Project Pitchfork’s run in the biz had a major hand in uniting darkwave and industrial music, bridging the gap and helping us understand that we’re not so different after all.

Their tireless work ethic brings us to this latest installment in their storied career, their 14th studio album. Renowned for album titles that are often esoteric in nature, the title Black seems out of character. Does the music follow suite?

Not so much. “Pitch-Black” is indicative of boilerplate Pitchfork tropes, at least in the spirit of their last few studio albums: huge dark electro leads, beats, and the cavernous growls of mastermind Peter Spilles. Since 2009’s Dream, Tiresias!, their music has been more in line with four-on-the-floor club oontz, but not without the ever-present mystique of their early work. Black is replete with those dense club synths, but not without a gorgeous, melodious aura that is darkly symphonic in nature. Songs like “The Circus” and the aforementioned “Pitch-Black” are lyrical commentaries of societal norms and the status quo. “Contract” is staring a doomed future in the face, fighting against it defiantly and against all odds. Lead single “Rain” is sweeping and majestic in all the ways early records like IO and Alpha Omega were, but in modern Pitchfork style.

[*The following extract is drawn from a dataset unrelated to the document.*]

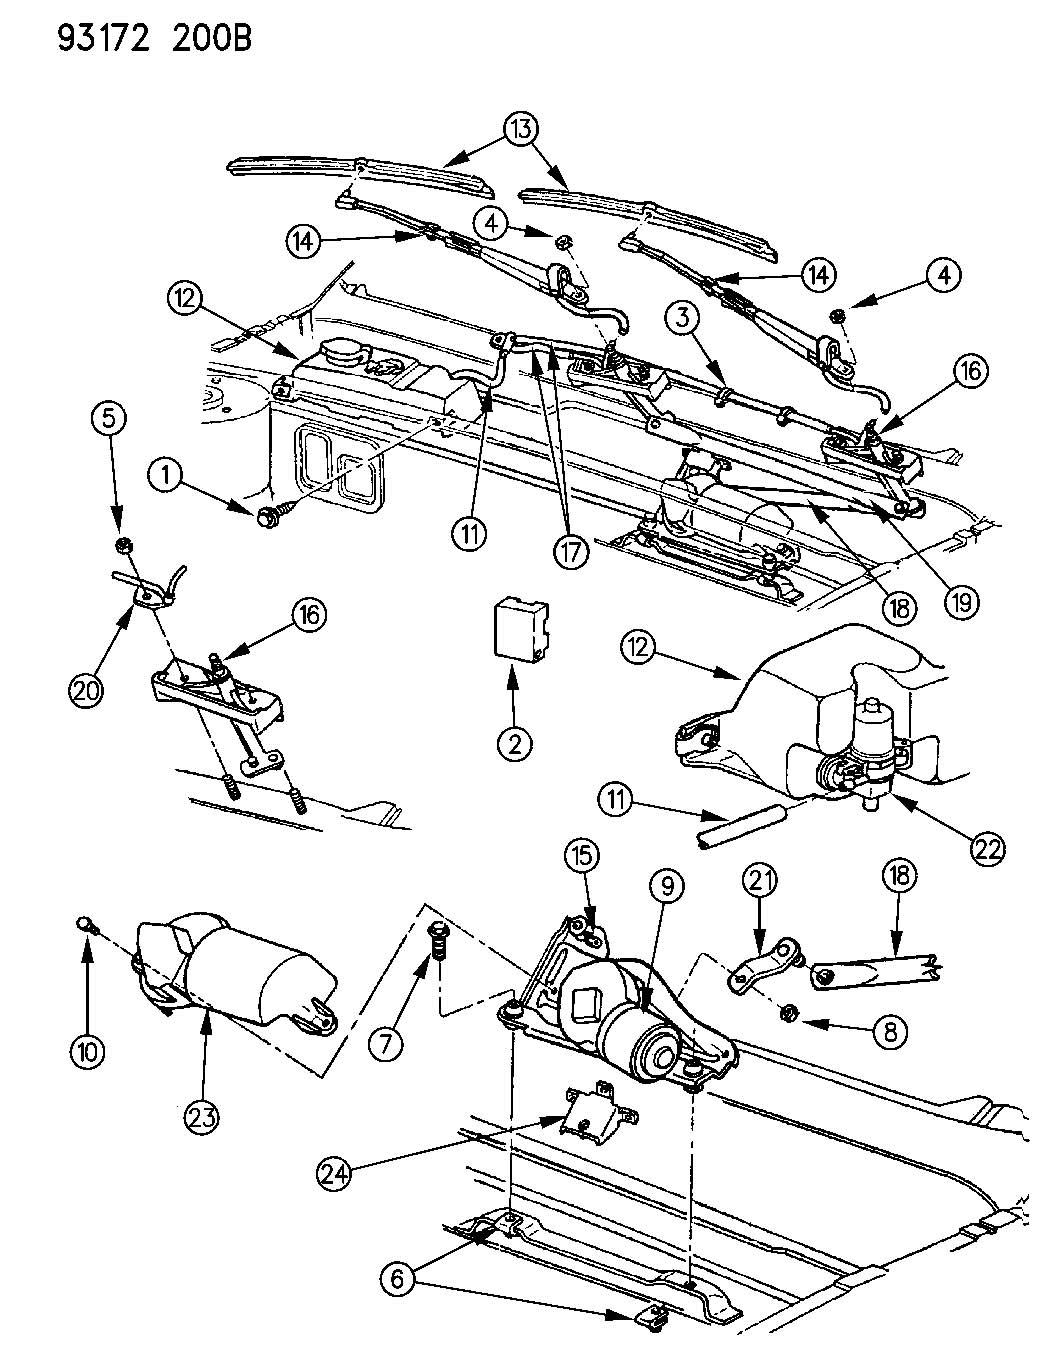 Chrysler Sebring Nut. Wiper arm. Hex flange (m8x1.25

The resemblance to what other clubby industrial band have been churning out lately is undeniable. The thick walls of synths and beats are ever-present, but in contrast to the hard dance and rave undertones that those other acts boast, Project Pitchfork still manage to create tunes that are regal and airy, vast and powerful. The blueprint for DJ culture is still kept out of their music, and they’re all the better for it. Even after over 20 years, over a dozen albums, and everything but the kitchen sink applied to their music, Pitchfork’s ambitions haven’t stifled at all.